In response to the Financial Times survey, some said it was all about home ownership, with a response like‘it’s things like homeownership that make people more conservative. Fix that, and they’ll come back’ being quite common. However, even among homeowners in the UK, Millennials are less conservative than previous generations, and show no sign of following the old trend2.

A ‘period effect’ is where an external factor impacts people of all ages simultaneously. In the UK the massive cockup that was ‘Trussonomics’ was a classic example, shifting all ages away from the Conservative Party.
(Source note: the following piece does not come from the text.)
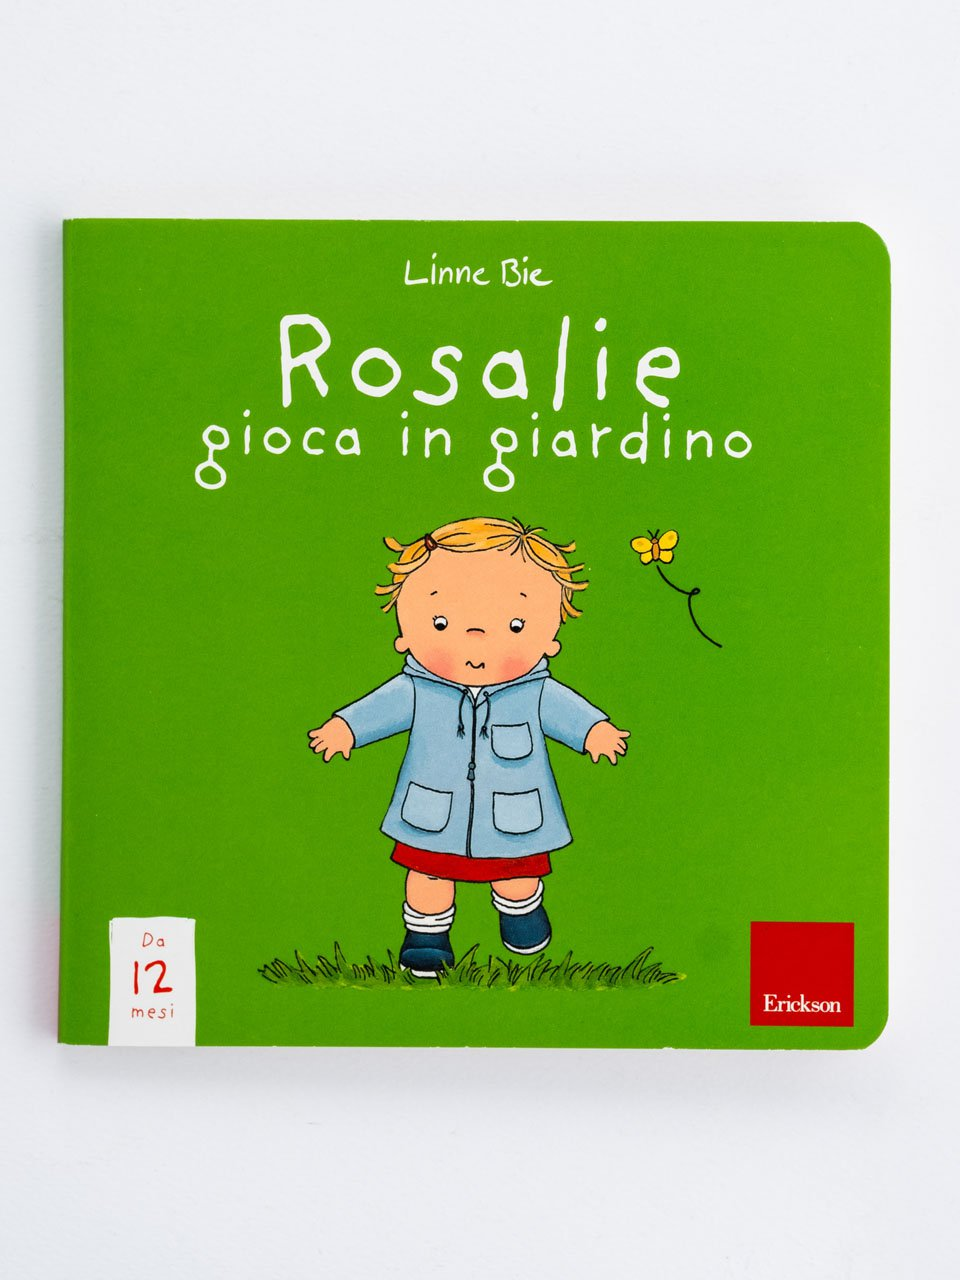 Rosalie gioca in giardino - Quattro stagioni per giocare - Libri - Erickson

However, that was a brief shock whereas this survey is looking at a multi-year trend, and ‘Trussonomics’ cannot explain the same pattern in the US2.

What remains is the ‘cohort effect’: a difference that emerges among people who experience a common event at the same time. When you consider that Millennials came of age in the aftermath of the global financial crisis, and entered their thirties with homes being less affordable than ever, it starts to feel quite plausible that this context may have shaped this generation different to that of its predecessors. This seems to be borne out by the data.Millennials in both the US and UK favour more left-wing economic policies than previous generations did at the same age. They’re much more in favour of redistribution from rich to poor2. That is anathema to conservatives.

One reply to the Tweets examined above noted that Millennials get their news online and from social media, and not from the ‘legacy media’ (i.e. newspapers, free to air television)2. Despite what you think of it, social media is the ultimate democratic source of news. If you do think that social media is a sewer and that its denizens are sewer rats9, then you are simply following the conservative narrative to try to discredit social media. It is no accident that the abuse people get is mostly directed at women by misogynists, against non-white people by racists, and at others (including me) by conspiracy theorists. Almost all of these groups of abusers are RWNJs, or worse, Trumpettes (Trump enthusiasts). 

One last point; if you are getting more conservative as you get older then you have not been watching what is going on in the world.

Sources

  1. https://blotreport.com/2022/11/14/christofascist-slippery-dip/
  2. https://twitter.com/jburnmurdoch/status/1608746369505976323
  3. https://en.wikipedia.org/wiki/Millennials
  4. https://en.wikipedia.org/wiki/Baby_boomers
  5. https://en.wikipedia.org/wiki/Generation_X
  6. https://en.wikipedia.org/wiki/Silent_Generation
  7. https://www.theguardian.com/commentisfree/2022/dec/05/millennials-and-gen-z-have-deserted-the-coalition-this-could-be-dire-for-the-opposition
  8. https://en.wikipedia.org/wiki/Generation_Z
  9. https://blotreport.com/2021/03/07/among-the-sewer-rats/

4 Comments

  • Marilyn Joy Smythe says:

    Excellent article, agree totally with your comments. I feel Australia is well on the way of being free of conservative dogma and anachronistic thinking. For what it is worth, both my partner and I, the silent generation and a boomer, respectively, are very definitely not ‘conservative. Thank you.

    • admin says:

      Marilyn,
      Thanks for that. There are many other things I would have like to have said, but then the item would have been too long.

  • James Faulkner says:

    A lovely mess of statistics. I guess I’m one of those gen x-ers who is the exception to prove the rule, because of nothing else, the conservative nature of politics, business, religion and associated social phenomenon has forced me into a more socially progressive and decent frame of mind than the person I might have been.
    Some of us just aren’t so easy to shove into your little concept boxes.

    • admin says:

      James,
      It is statistics and it is about people; hardly boxes. Like you, I am supposed to get more conservative with age, but after reading much more than previously about the topics covered in this blog, I have become even more progressive than I used to be. That is why I believe that if you are becoming more conservative with age, you haven’t been listening.